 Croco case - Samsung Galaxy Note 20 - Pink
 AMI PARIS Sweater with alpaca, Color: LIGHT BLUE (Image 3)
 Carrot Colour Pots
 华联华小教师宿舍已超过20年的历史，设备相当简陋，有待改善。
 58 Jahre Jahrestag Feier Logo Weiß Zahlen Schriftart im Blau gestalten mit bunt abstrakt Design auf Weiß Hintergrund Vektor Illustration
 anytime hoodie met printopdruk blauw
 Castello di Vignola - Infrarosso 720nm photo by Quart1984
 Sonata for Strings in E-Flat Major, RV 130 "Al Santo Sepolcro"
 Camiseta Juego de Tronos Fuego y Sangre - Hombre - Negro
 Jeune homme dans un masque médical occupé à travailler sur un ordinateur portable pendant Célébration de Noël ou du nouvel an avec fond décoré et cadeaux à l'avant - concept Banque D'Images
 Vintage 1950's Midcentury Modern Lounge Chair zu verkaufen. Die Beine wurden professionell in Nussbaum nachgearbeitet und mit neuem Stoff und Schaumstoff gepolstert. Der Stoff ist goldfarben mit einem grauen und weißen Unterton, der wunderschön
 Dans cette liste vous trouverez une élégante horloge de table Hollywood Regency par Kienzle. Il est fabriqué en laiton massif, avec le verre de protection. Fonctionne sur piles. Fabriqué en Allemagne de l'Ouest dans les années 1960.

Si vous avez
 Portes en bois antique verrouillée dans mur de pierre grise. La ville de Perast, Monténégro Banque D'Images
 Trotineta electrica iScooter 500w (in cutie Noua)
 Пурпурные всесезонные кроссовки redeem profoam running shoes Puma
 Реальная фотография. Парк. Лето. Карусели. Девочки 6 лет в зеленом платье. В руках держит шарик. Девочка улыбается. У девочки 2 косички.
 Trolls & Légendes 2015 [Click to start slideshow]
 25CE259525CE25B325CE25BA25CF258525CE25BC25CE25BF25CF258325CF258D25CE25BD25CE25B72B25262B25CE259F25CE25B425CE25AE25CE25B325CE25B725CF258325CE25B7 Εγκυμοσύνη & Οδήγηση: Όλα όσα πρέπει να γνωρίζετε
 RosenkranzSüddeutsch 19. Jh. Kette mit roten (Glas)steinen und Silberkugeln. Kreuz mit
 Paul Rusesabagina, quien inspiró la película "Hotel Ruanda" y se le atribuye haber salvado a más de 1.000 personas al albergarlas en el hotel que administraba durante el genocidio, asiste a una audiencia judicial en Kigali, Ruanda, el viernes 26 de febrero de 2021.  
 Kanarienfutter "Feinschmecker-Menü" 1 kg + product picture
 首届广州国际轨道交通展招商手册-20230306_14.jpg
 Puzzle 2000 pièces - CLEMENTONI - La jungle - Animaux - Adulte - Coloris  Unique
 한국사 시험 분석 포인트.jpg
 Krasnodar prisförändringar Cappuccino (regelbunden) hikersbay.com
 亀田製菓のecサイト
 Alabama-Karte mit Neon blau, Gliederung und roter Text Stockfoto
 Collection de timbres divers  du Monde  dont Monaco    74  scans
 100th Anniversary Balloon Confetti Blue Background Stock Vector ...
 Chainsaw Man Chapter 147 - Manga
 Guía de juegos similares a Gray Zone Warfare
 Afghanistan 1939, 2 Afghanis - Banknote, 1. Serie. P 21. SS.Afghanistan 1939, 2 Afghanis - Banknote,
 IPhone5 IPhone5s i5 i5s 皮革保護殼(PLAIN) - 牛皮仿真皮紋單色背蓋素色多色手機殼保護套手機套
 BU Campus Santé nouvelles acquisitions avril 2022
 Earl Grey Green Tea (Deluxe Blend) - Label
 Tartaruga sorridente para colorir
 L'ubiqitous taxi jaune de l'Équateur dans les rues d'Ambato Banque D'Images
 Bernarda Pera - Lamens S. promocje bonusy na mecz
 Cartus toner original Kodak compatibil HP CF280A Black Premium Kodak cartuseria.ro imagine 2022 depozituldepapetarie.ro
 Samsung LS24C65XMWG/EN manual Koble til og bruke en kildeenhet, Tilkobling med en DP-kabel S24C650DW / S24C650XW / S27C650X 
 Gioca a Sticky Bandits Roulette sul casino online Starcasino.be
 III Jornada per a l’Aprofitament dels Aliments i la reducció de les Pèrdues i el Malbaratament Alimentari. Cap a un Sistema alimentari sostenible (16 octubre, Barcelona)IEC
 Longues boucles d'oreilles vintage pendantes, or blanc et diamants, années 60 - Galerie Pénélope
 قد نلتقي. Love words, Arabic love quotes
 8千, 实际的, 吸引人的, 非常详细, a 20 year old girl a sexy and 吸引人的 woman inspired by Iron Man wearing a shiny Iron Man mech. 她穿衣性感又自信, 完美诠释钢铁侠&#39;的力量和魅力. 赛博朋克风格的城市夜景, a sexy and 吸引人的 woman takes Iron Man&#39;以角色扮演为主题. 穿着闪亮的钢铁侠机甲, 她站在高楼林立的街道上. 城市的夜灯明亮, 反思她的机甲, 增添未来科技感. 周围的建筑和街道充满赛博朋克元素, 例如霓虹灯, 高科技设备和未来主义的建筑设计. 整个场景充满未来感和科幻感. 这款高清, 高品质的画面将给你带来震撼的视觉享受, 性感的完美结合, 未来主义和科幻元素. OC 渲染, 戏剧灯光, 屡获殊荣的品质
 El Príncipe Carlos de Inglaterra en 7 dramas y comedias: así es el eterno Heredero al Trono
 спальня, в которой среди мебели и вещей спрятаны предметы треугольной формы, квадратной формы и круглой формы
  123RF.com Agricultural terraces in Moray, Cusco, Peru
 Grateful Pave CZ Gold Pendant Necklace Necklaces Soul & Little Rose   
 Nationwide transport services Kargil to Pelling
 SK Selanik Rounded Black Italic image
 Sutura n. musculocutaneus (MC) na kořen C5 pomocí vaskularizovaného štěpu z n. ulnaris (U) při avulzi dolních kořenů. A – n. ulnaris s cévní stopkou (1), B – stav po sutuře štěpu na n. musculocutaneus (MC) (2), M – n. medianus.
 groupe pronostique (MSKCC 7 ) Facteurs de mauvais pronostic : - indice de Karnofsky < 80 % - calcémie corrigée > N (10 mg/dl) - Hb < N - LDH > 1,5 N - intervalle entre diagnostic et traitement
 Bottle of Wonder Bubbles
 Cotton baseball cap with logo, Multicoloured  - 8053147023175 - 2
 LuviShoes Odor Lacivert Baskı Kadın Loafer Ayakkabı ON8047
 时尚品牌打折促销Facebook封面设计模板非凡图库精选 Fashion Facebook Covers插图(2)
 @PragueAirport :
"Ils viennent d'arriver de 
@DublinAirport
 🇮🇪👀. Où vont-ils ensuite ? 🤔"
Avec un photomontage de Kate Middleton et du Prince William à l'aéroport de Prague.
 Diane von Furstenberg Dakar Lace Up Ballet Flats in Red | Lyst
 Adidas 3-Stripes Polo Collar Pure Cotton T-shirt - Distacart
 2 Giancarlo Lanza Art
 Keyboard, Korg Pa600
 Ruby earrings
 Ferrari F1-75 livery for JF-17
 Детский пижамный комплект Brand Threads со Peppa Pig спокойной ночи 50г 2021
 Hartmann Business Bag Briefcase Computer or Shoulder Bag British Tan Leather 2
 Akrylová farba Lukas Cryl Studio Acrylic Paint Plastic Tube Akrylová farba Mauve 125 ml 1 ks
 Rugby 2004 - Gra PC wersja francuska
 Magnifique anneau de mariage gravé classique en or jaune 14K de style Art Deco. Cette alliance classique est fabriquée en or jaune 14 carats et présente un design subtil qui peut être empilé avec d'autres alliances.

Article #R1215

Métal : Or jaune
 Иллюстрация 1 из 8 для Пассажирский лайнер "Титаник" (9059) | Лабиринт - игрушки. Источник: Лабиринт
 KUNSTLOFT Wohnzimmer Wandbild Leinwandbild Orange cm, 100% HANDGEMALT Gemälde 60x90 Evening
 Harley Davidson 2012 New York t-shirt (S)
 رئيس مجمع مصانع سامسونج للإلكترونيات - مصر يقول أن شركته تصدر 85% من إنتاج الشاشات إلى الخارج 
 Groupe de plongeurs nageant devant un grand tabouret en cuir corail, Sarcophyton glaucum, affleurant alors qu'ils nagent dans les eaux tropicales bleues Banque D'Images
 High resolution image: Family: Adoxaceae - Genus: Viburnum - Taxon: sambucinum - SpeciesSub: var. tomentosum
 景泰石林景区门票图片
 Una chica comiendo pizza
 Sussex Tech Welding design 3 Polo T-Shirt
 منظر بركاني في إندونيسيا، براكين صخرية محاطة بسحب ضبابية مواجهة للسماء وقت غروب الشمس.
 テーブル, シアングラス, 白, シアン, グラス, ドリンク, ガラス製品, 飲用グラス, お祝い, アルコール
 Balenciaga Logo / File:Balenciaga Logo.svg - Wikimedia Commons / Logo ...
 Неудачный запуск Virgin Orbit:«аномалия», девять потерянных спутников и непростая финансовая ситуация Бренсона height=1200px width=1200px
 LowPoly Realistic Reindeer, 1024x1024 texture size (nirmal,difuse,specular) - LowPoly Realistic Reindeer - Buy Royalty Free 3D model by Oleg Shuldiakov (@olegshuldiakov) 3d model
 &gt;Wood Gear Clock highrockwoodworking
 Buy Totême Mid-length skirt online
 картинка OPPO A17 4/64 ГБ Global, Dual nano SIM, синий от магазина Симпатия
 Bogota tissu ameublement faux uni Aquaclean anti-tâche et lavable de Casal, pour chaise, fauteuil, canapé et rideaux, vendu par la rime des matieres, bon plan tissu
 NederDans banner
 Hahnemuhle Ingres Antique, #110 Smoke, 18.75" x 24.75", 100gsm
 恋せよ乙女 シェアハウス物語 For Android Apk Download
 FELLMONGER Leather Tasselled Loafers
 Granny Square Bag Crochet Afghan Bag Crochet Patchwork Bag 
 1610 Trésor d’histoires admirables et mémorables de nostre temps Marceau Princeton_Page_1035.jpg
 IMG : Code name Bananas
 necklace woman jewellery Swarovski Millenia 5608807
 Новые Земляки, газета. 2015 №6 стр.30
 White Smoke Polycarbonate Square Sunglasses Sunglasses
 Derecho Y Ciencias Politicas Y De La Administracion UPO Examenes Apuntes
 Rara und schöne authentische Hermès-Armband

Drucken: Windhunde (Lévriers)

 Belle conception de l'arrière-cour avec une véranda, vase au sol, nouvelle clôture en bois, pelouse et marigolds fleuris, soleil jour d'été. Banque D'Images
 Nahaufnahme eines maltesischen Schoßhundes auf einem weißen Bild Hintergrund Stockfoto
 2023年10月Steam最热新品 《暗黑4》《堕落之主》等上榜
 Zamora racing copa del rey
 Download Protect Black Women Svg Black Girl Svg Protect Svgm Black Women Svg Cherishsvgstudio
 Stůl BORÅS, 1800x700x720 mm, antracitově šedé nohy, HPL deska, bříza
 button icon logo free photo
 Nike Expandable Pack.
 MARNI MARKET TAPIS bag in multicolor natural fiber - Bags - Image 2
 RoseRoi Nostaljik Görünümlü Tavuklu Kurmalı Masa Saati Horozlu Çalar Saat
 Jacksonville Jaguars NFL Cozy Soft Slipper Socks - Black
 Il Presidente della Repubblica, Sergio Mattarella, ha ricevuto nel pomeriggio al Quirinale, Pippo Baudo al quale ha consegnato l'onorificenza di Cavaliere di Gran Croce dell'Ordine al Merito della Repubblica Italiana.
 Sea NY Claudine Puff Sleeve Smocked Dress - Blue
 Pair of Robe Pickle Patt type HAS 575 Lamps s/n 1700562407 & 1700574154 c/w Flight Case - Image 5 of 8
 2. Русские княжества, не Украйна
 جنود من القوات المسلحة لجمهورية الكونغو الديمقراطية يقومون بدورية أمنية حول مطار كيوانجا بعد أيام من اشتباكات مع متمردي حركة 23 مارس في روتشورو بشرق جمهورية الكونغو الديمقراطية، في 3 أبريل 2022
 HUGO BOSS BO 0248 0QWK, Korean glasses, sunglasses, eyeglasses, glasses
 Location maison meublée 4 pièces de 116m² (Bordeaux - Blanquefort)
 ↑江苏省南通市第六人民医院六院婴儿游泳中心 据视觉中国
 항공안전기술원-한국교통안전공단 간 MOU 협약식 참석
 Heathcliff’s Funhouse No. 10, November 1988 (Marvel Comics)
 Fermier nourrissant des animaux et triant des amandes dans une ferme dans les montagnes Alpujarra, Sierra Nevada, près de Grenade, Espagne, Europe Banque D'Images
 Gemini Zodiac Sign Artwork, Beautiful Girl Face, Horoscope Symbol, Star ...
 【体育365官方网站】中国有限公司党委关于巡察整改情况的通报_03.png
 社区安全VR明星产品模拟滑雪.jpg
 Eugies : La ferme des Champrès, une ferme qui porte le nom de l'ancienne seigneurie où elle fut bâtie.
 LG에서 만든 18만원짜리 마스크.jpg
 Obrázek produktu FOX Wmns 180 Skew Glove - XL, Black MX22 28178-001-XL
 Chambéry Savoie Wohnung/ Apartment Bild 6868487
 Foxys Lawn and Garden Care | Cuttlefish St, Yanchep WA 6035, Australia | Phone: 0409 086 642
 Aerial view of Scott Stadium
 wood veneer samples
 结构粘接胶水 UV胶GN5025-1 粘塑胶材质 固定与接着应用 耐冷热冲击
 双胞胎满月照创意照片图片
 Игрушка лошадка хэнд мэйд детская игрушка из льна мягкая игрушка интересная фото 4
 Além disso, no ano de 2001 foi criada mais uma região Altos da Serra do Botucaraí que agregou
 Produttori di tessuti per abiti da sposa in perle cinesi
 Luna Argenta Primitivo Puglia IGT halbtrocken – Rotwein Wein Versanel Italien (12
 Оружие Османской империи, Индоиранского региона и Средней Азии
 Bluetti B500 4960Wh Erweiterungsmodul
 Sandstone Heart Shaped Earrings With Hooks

Task statement> Transcribe, please, every line from the first line of the listing above through the line with "Vintage 1950's Midcentury". Keep both ends and nothing else.

Solution to this problem>
 Croco case - Samsung Galaxy Note 20 - Pink
 AMI PARIS Sweater with alpaca, Color: LIGHT BLUE (Image 3)
 Carrot Colour Pots
 华联华小教师宿舍已超过20年的历史，设备相当简陋，有待改善。
 58 Jahre Jahrestag Feier Logo Weiß Zahlen Schriftart im Blau gestalten mit bunt abstrakt Design auf Weiß Hintergrund Vektor Illustration
 anytime hoodie met printopdruk blauw
 Castello di Vignola - Infrarosso 720nm photo by Quart1984
 Sonata for Strings in E-Flat Major, RV 130 "Al Santo Sepolcro"
 Camiseta Juego de Tronos Fuego y Sangre - Hombre - Negro
 Jeune homme dans un masque médical occupé à travailler sur un ordinateur portable pendant Célébration de Noël ou du nouvel an avec fond décoré et cadeaux à l'avant - concept Banque D'Images
 Vintage 1950's Midcentury Modern Lounge Chair zu verkaufen. Die Beine wurden professionell in Nussbaum nachgearbeitet und mit neuem Stoff und Schaumstoff gepolstert. Der Stoff ist goldfarben mit einem grauen und weißen Unterton, der wunderschön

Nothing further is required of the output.